- Problem description
Output the records in full, exactly as given.

- Entries provided
☆ ☆ ☆
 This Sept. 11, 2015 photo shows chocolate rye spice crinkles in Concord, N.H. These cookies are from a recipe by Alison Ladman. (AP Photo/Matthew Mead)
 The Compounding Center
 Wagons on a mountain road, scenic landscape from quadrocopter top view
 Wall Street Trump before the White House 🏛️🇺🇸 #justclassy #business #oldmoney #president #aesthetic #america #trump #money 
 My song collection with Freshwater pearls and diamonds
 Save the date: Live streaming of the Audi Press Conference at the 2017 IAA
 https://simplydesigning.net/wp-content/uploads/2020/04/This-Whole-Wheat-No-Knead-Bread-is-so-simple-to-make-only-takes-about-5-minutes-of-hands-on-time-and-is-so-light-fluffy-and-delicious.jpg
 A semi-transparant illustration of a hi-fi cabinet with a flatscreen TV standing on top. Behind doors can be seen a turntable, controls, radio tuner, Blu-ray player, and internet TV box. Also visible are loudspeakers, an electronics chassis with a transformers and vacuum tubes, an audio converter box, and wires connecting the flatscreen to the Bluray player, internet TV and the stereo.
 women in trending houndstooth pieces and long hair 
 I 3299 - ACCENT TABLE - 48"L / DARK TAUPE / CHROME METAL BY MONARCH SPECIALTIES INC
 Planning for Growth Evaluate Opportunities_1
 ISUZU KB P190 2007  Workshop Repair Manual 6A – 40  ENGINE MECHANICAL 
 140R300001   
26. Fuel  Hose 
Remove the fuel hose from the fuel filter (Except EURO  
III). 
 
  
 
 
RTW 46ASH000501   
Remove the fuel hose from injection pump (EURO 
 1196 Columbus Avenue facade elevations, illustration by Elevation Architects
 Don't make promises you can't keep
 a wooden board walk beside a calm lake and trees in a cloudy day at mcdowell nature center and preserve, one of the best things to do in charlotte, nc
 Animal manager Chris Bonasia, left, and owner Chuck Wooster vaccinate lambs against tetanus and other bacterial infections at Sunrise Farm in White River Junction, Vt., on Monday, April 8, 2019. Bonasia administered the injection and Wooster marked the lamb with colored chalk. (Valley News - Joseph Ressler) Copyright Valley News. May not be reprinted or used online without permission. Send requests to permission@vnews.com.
☆ ☆ ☆
- Response to this task
 This Sept. 11, 2015 photo shows chocolate rye spice crinkles in Concord, N.H. These cookies are from a recipe by Alison Ladman. (AP Photo/Matthew Mead)
 The Compounding Center
 Wagons on a mountain road, scenic landscape from quadrocopter top view
 Wall Street Trump before the White House 🏛️🇺🇸 #justclassy #business #oldmoney #president #aesthetic #america #trump #money 
 My song collection with Freshwater pearls and diamonds
 Save the date: Live streaming of the Audi Press Conference at the 2017 IAA
 https://simplydesigning.net/wp-content/uploads/2020/04/This-Whole-Wheat-No-Knead-Bread-is-so-simple-to-make-only-takes-about-5-minutes-of-hands-on-time-and-is-so-light-fluffy-and-delicious.jpg
 A semi-transparant illustration of a hi-fi cabinet with a flatscreen TV standing on top. Behind doors can be seen a turntable, controls, radio tuner, Blu-ray player, and internet TV box. Also visible are loudspeakers, an electronics chassis with a transformers and vacuum tubes, an audio converter box, and wires connecting the flatscreen to the Bluray player, internet TV and the stereo.
 women in trending houndstooth pieces and long hair 
 I 3299 - ACCENT TABLE - 48"L / DARK TAUPE / CHROME METAL BY MONARCH SPECIALTIES INC
 Planning for Growth Evaluate Opportunities_1
 ISUZU KB P190 2007  Workshop Repair Manual 6A – 40  ENGINE MECHANICAL 
 140R300001   
26. Fuel  Hose 
Remove the fuel hose from the fuel filter (Except EURO  
III). 
 
  
 
 
RTW 46ASH000501   
Remove the fuel hose from injection pump (EURO 
 1196 Columbus Avenue facade elevations, illustration by Elevation Architects
 Don't make promises you can't keep
 a wooden board walk beside a calm lake and trees in a cloudy day at mcdowell nature center and preserve, one of the best things to do in charlotte, nc
 Animal manager Chris Bonasia, left, and owner Chuck Wooster vaccinate lambs against tetanus and other bacterial infections at Sunrise Farm in White River Junction, Vt., on Monday, April 8, 2019. Bonasia administered the injection and Wooster marked the lamb with colored chalk. (Valley News - Joseph Ressler) Copyright Valley News. May not be reprinted or used online without permission. Send requests to permission@vnews.com.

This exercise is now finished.